Studies carried out on multiple databases have become more common due to the increased accessibility of data.^35,36 Data sources transformed into CDMs are often used as they provide analytic efficiencies.^9,37 The aim of this study was to evaluate the success of the OMOP transformation for CPRD, a major EHR database, by comparing the prevalent and incident event/code counts between the source and OMOP-transformed data. The event count estimates were not produced with the same rigour as when investigating diseases/episodes and should not be used for that purpose. Some differences were due to how codes were mapped to different tables, highlighting the importance for researchers to search across all datasets and domains when defining cohorts. Overall, the findings confirm the consistency of output following the OMOP transformation of both CPRD GOLD and CPRD Aurum and provide confidence in analyses conducted using OMOP-transformed data. The availability of CPRD datasets in OMOP format promotes methodological consistency and streamlines multi-database analyses. Citing OMOP transformation evaluations (for CPRD and other databases) is essential for the scientific community to ensure high-quality research. Future research could include validation of other aspects of OMOP transformation and specifically the mapping of source codes to concepts.

Conclusion

This study evaluated the transformation of CPRD GOLD and CPRD Aurum databases into the OMOP CDM. A comparison of prevalent and incident event counts across 38 clinical concepts between the source and OMOP-transformed datasets, showed a high degree of consistency, particularly for diagnoses and prescriptions.

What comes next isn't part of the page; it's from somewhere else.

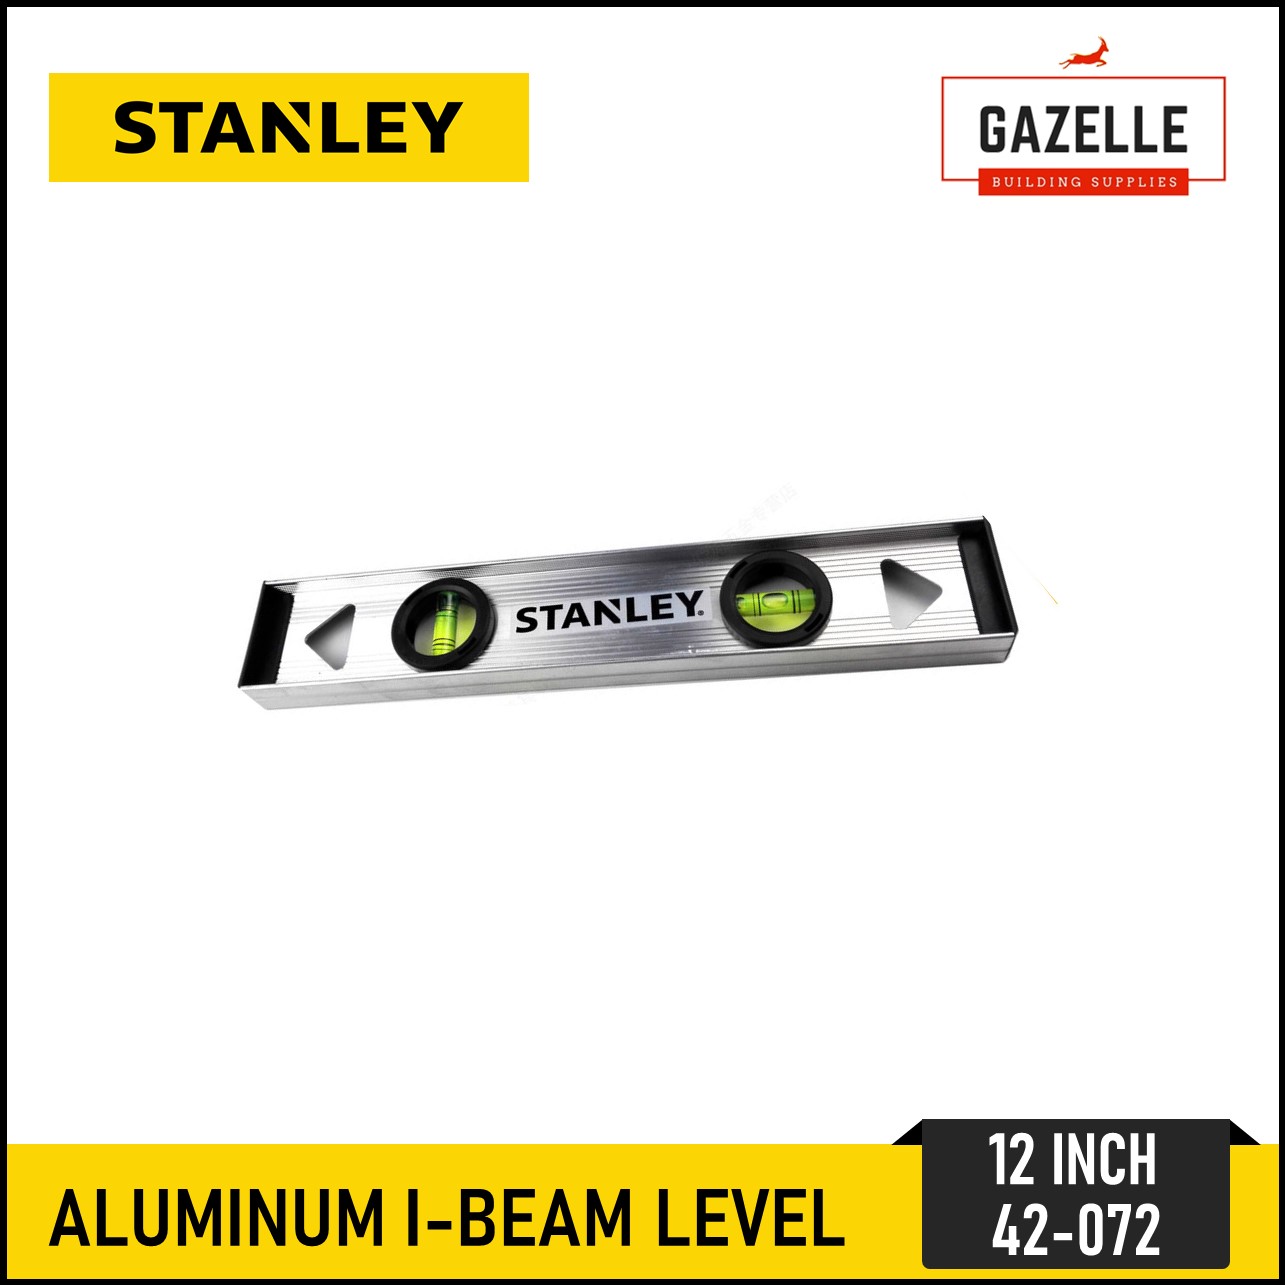 STANLEY 0-42-072 Aluminum spirit level with I profile

Small discrepancies were observed in certain domains such as vaccinations and laboratory results, largely due to variation in code-to-domain mappings.

These findings support the reliability of CPRD OMOP-transformed data for real-world evidence generation. However, it is important to note that this study assessed only selected aspects of the OMOP transformation process, focusing on event count consistency, and did not evaluate the accuracy of medical code mappings. Comprehensive validation of OMOP-transformed data requires further examination of these additional components. To enhance confidence in the use of OMOP CDM across diverse data sources, it is critical that researchers working with other OMOP-transformed datasets conduct similar validation exercises tailored to their data context. Consistent validation practices across OMOP data sources are essential not only to improve efficiency for multi-database studies, but also to ensure transparency, reproducibility and credibility of real-world evidence.

Footnotes

ORCID iD

George Kafatos

Ethical consideration

This study used data from the Clinical Practice Research Datalink (CPRD). The CPRD data are collected in compliance with relevant legal and regulatory requirements, and studies conducted using CPRD data are approved by the Independent Scientific Advisory Committee (ISAC) for Medicines and Healthcare products Regulatory Agency (MHRA) Database Research (protocol number: 19_044). This study did not require additional ethical approval as it relied solely on anonymized, de-identified data provided by CPRD.

Author contributions

George Kafatos: Conceptualisation, Methodology, Analysis review, Writing. Joe Maskell: Conceptualisation, Methodology, Analysis, Writing review. Olia Archangelidi: Conceptualisation, Methodology, Analysis review, Writing review. David Neasham: Conceptualisation, Methodology, Analysis review, Writing review.

Funding

The authors received no financial support for the research, authorship, and/or publication of this article.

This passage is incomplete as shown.